Any Value Investors in TSLA?
Yup! My username gra-phil-war is a mash up of three people:
1. Benjamin Graham
2. Philip Fisher
3. Warren Buffett
Let’s talk about mistakes. In my youth, I refused to buy Apple when it was sub-200B market cap because I was a so-called value investor looking for defensible moats like Warren Buffett in industries that do not change very much, like candy or Coke. basically i was looking for good companies at a cheap price, and I would be hunting in the sub-10 p/e range, etc. Avoided tech companies because: “well Warren doesn’t think they have a moat because tech turns over too much, so why should I ever invest in Apple.”
10 years later, Apple is like 30% of Berkshire’s investment portfolio, Warren Buffett is fawning over Apple’s massive moat and taking selfies with Tim Cook and I have managed to talk myself out of a 10-bagger because of my self imposed blinders.
To be brutally honest, my mistake was that I was just copying styles. Yes I was listening to Graham, Fisher and Buffett, but I was not truly understanding the spirit of investing — which is being able to see the future, and paying less than it is worth in the present. I was, in being so straight and narrow to the style and not the substance— putting myself in a mental straight jacket.
The lesson I took away from that experience is that growth companies ARE value companies.
Typical “value” companies are undervalued based on their past 10 year track record of earnings power, and everyone can see that record so it’s competitive and the market is actually pretty good on handicapping the odds in those situations, making it really hard to get an edge. You need to turn over a lot of rocks to find these, and you’re hoping for some mean reversion to get you that nice bump and rinse and repeat.
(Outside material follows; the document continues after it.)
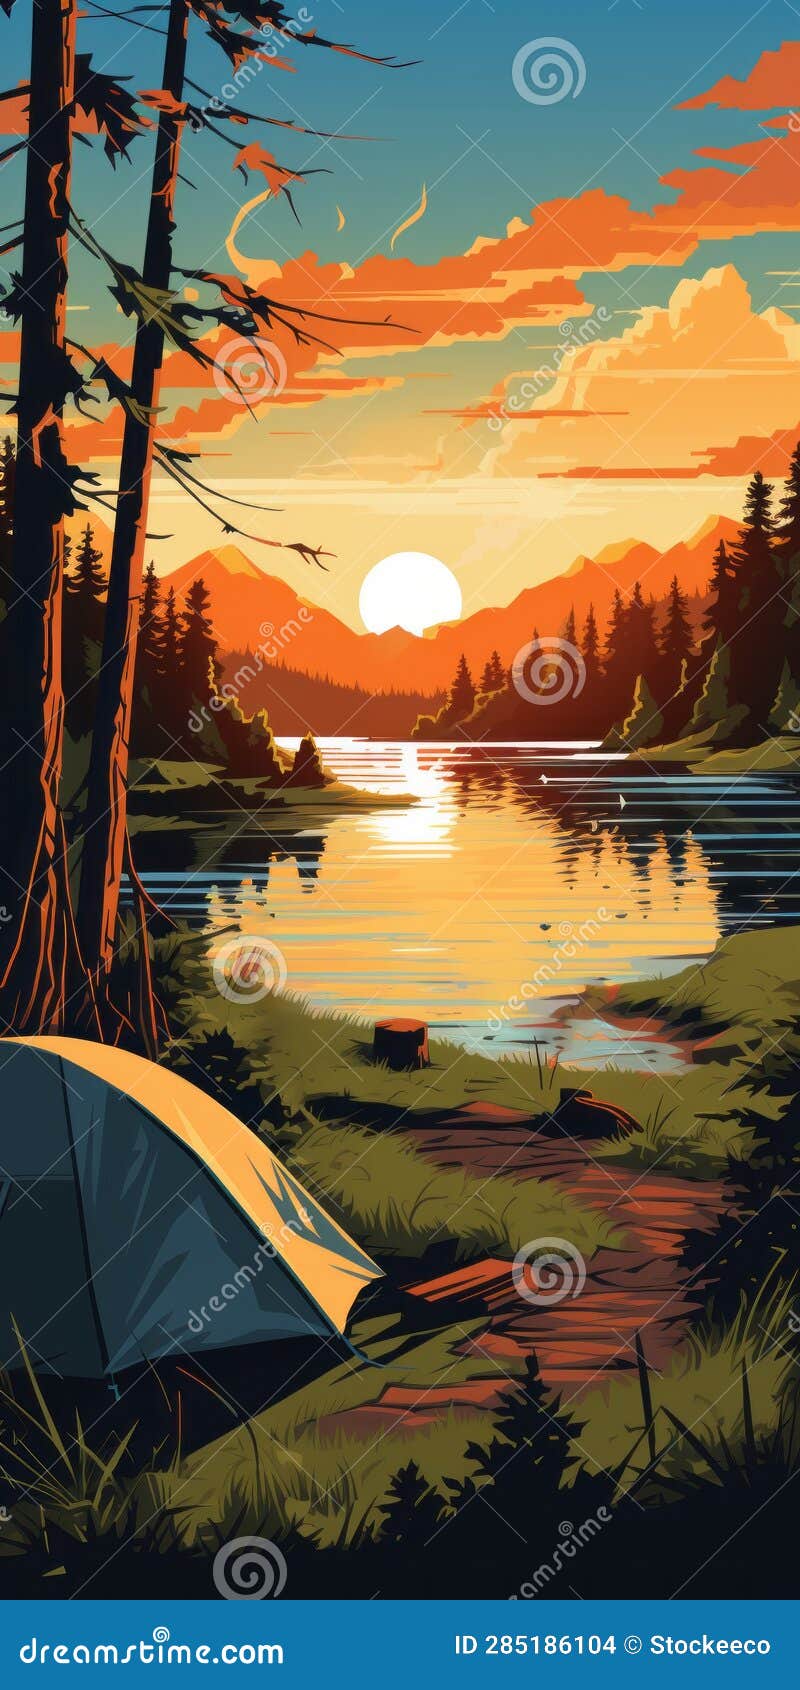 retrovirus camping poster with scenic marsh view

On the other hand, growth companies (not all, I’m talking about a select few) tend to be underpriced on the basis of the next 10 years, and you can hold without paying cap gains taxes, and sometimes a growth company will evolve to something 10 years in the future far greater than what you can see from your vantage point in the present (see: Netflix evolution from shipper of DVDs to streaming to content production+streaming, and Amazon from online bookseller to AWS to well whatever the hell they are today. Behemoth?) Most people are skeptical/uncomfortable basing their valuation on future growth that by definition hasn’t happened yet. Because of that discomfort I think growth companies can be severely mispriced, on the growth that you can see from your vantage point today alone (with all the other unforeseen growth potentially serving as improved upside that you never paid for but would definitely benefit from).
Of course you’ll need to have conviction about the next 10 years, and your vision of the future needs to be roughly accurate. But yeah severe mispricings occur, especially when you get the combination of multiple expansion (as the market awakens to the company) AND earnings growth (the company executed on your vision of the future potential).
When I look at TSLA at 1500, it’s underpricing my vision for auto growth and margin potential in 2020 already. Then there’s two other free call options built into the stock price: a call on autonomy, and a call on energy. I think both of those are enormously valuable and they’re currently priced at $0. So as a value investor I think it’s an enormously compelling opportunity.
Like Warren once said, you might only get 20 punches in your punchcard over an investing lifetime, where a pitch comes right down the middle. What are you going to do when you see that fat pitch? Bunt to get to first? No, you SWING for the fences, ya bum! And that’s what I’m doing as a so-called value investor in TSLA.